My first cousin G and I, born two years apart, were named
after the same great-grandfather.
Except for that, we had very little in common as children; at the time I
thought we couldn't be more unlike.
What a difference sixty years can make!
I remember the young G mostly as a baseball aficionado who
could quote every imaginable statistic about players, particularly those on his
team, the New York Yankees. I wasn't all that much into baseball, but
perversely didn't root for the same team as he. There were then three teams in New York City: the Yankees,
the New York Giants and the Brooklyn Dodgers. I was a Dodgers fan.
I particularly recall one of the infrequent instances when
we were together—probably at some family holiday function—lying on the floor in
G's living room listening to a radio broadcast of a game in the 1941
Yankees-Dodgers World Series, each rooting for his own team. It had an ending for the books. The Yankees—ahead 2-1 in the
Series—were behind by one run in the ninth and at bat with two outs and two
strikes. One more strike would tie
the Series. A swing and a miss,
which should have ended the game; but the ball got away from the Dodgers'
catcher, Mickey Owen, allowing the batter to reach first base. To my outrage, the Yankees went on to
win the game (and later the Series).
(In those days, real-time commentary on a game was
distributed nationally by teletype, which announcers at each station used as
they simulated the excitement of the actual play with exuberant voices—not
against a background of roaring fans, only of a clacking teletypewriter. In a game like the one I just
described, it could still be electrifying; I can even now hear the announcer
screamingly reporting Owen's error.)
I'm sure G remembers the young me mostly hunched over the
radio equipment I was constantly constructing, particularly after the War, when
amateur radio was again allowed and I built and rebuilt my station, W2QKU. I was more concerned with contacting at
least one amateur in each of the then-48 states and in as many countries as I
could, than in conversing with anyone nearby. Morse code was my preferred medium of communication. I think the word "nerd" was
coined with me in mind.
The last time G and I saw each other as youngsters was when
I was going off to college in 1947.
He was finishing high school.
Now fast-forward to early 2011, about a year before I
started blogging. G and I were
brought back into contact in connection with a long-standing family matter
which required a decision. By
then, mirabile dictu! the two of us were
professors emeriti, limping into our eighties. I had retired from UC Berkeley as a professor of Electrical
Engineering and Computer Science.
G had retired from a prestigious eastern university as a professor of
English. I soon discovered that he
is a world-renowned scholar of the culture of Victorian England—not only of its
literature per se but how its
literati and scientists interacted and the effect their interaction had on
literature, science, philosophy and society at large. Still vastly apart in interests, I thought.

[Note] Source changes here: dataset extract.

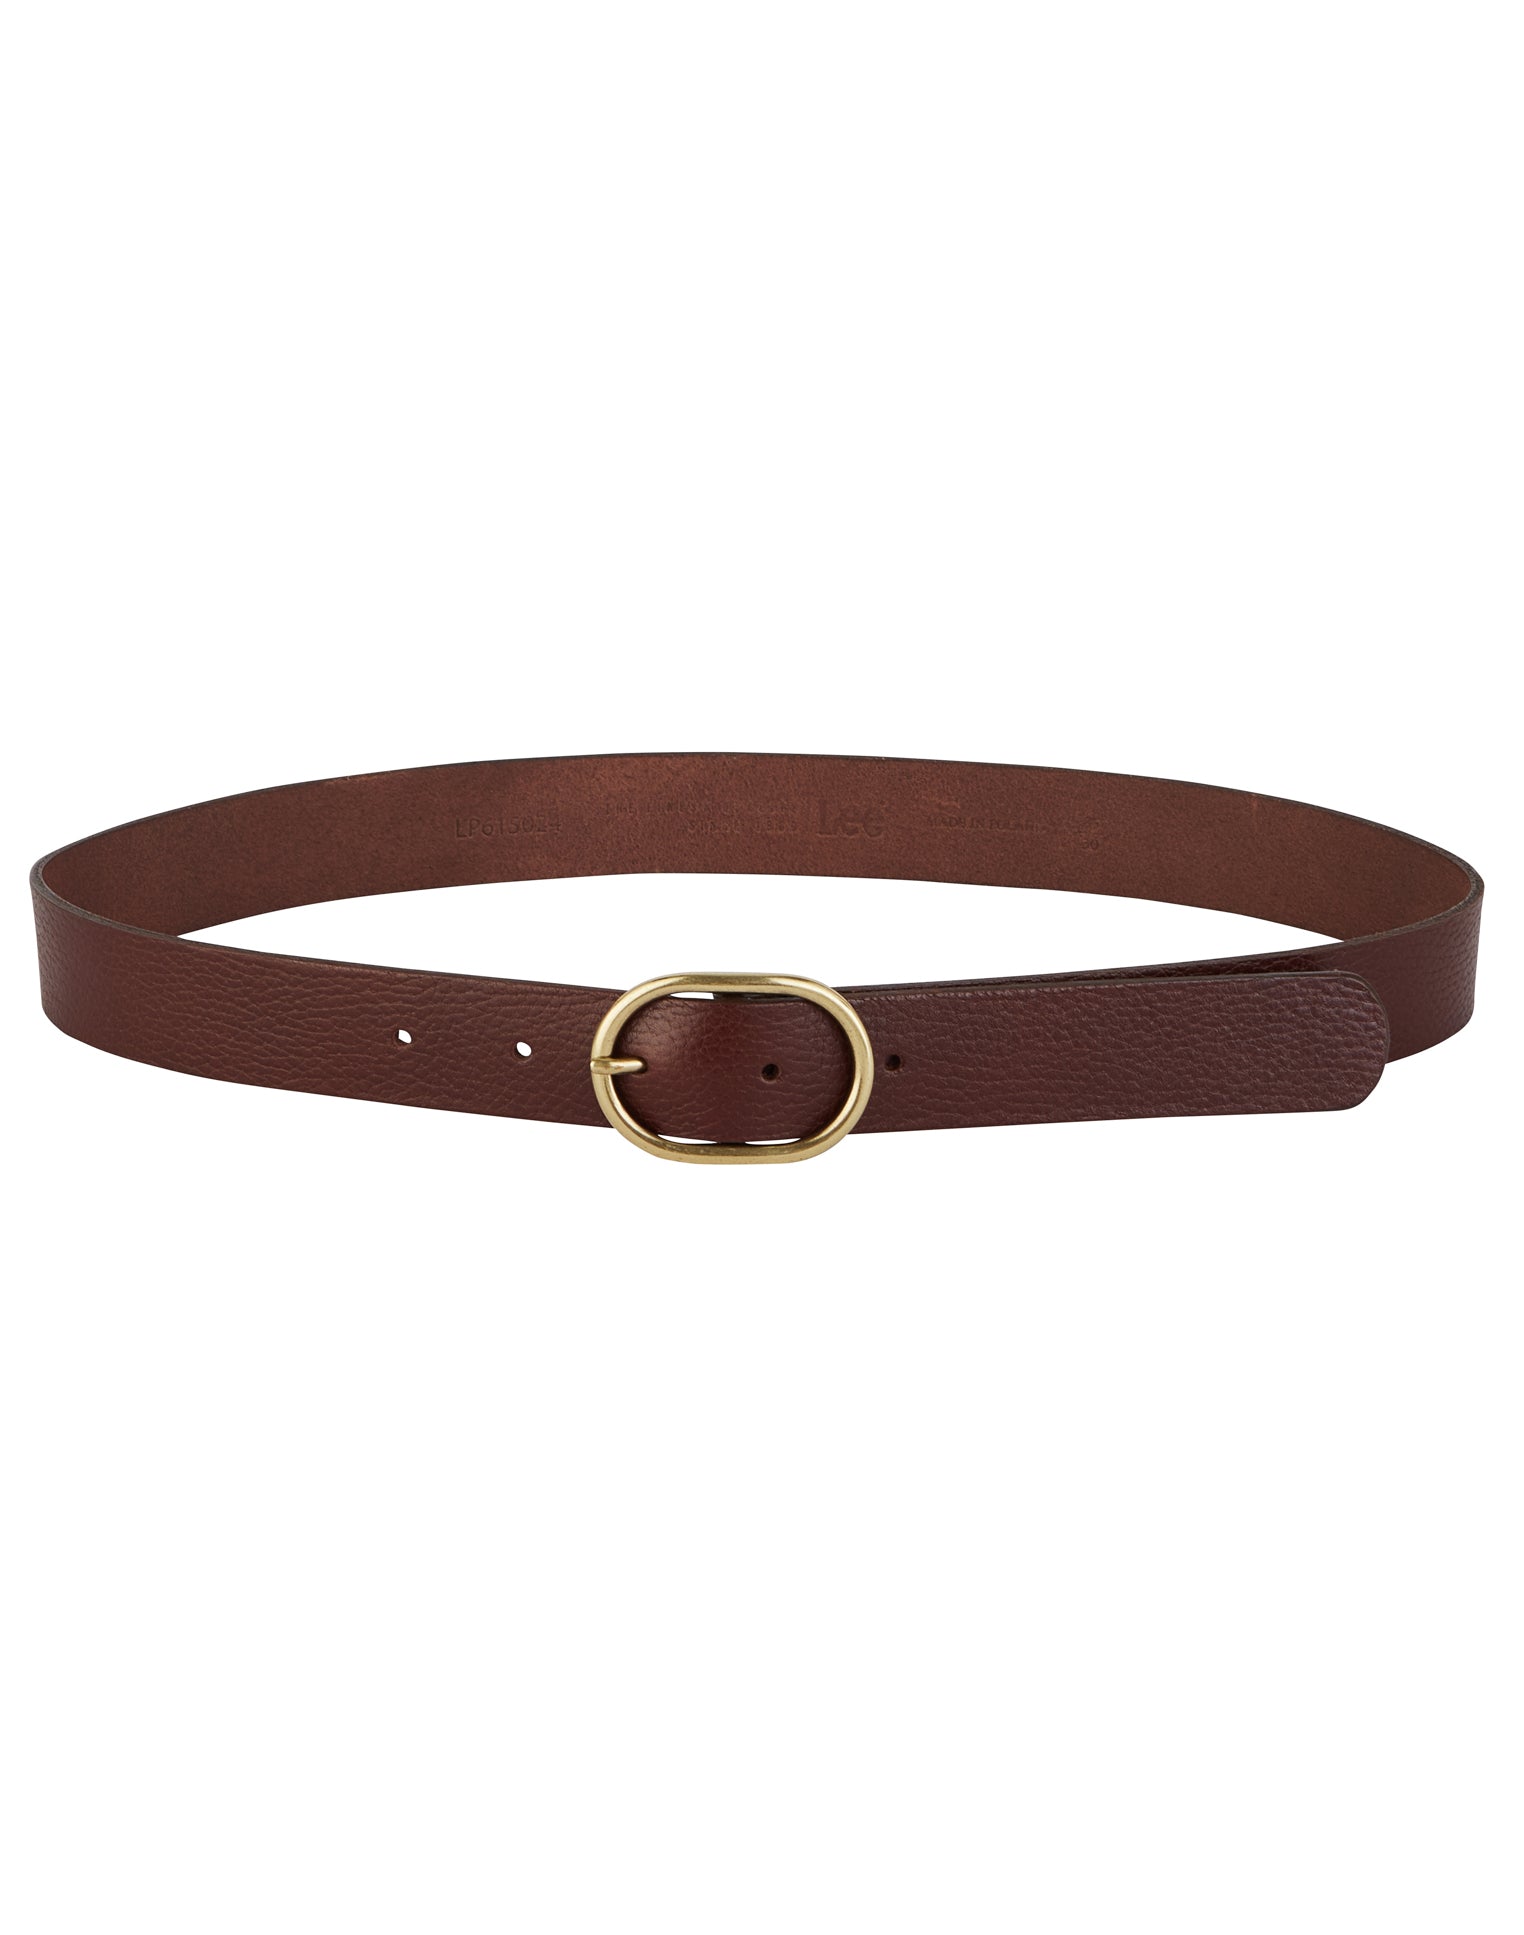 Wide Leather Belt in Dark Brown

Never the less, when I started this blog I included G in an
email notice to friends and relatives, linking to my first posting and asking
whether they wanted to receive further notices. G opted in, which started a voluminous, wide-ranging email
correspondence between us, often triggered by one of my postings. At some length, we discussed religion,
cosmology, philosophy, metaphysics, evolution, free will and consciousness, politics,
education, the internet and its effect on society, and also our family circle
when we were young and what we each had learned from it. Being academics, our tone was usually
abstract; yet when writing about our common family it was very nostalgic and
personal.
Our correspondence was of course touched by the vast
difference in our careers. G is an
expert on literature and on how science has influenced it and society; I am an
engineer, with a dilettantish passion for expounding on anything and
everything, as those who follow this blog know. As might be expected, we have divergent views on some
matters, but surprisingly few. I'm
impatient with abstract philosophy, particularly when tinged with metaphysics;
philosophy is part of his professional bag of tricks. He was atheistic a lifetime before I was, though neither of
us is militantly so. He has a
niggling yearning for a secular understanding of a First Cause; I am content
with an emerging model of a multiverse that has forever been spawning new
universes in big bangs, which for me obviates a need for a first instant or
First Cause. And our mental data
banks must be vastly dissimilar.
Still, here's what G and I find most astonishing: Despite
having had little to do with each other as youths, having spent more than 60
years out of touch, having had such different careers, and not having precisely
the same stance on such minutiae as First Cause, our mind sets are so alike
that we now think of ourselves as intellectual twins. There is almost no disagreement on the very broad array of
topics about which we corresponded. So, very strangely, we arrived at nearly identical world
views via enormously different paths.
It must be that genes and a common early family experience trumped our
disparate professional careers.
Not many unexpected bonuses crop up for an
octogenarian. This was one for
me: finding a long-lost cousin
with whom I can carry on extensive correspondence. It is a windfall that has exhilarated me beyond all
expectation.
They say blood is thicker than water. If so, G's and mine must be as good as coagulated.
They say blood is thicker than water. If so, G's and mine must be as good as coagulated.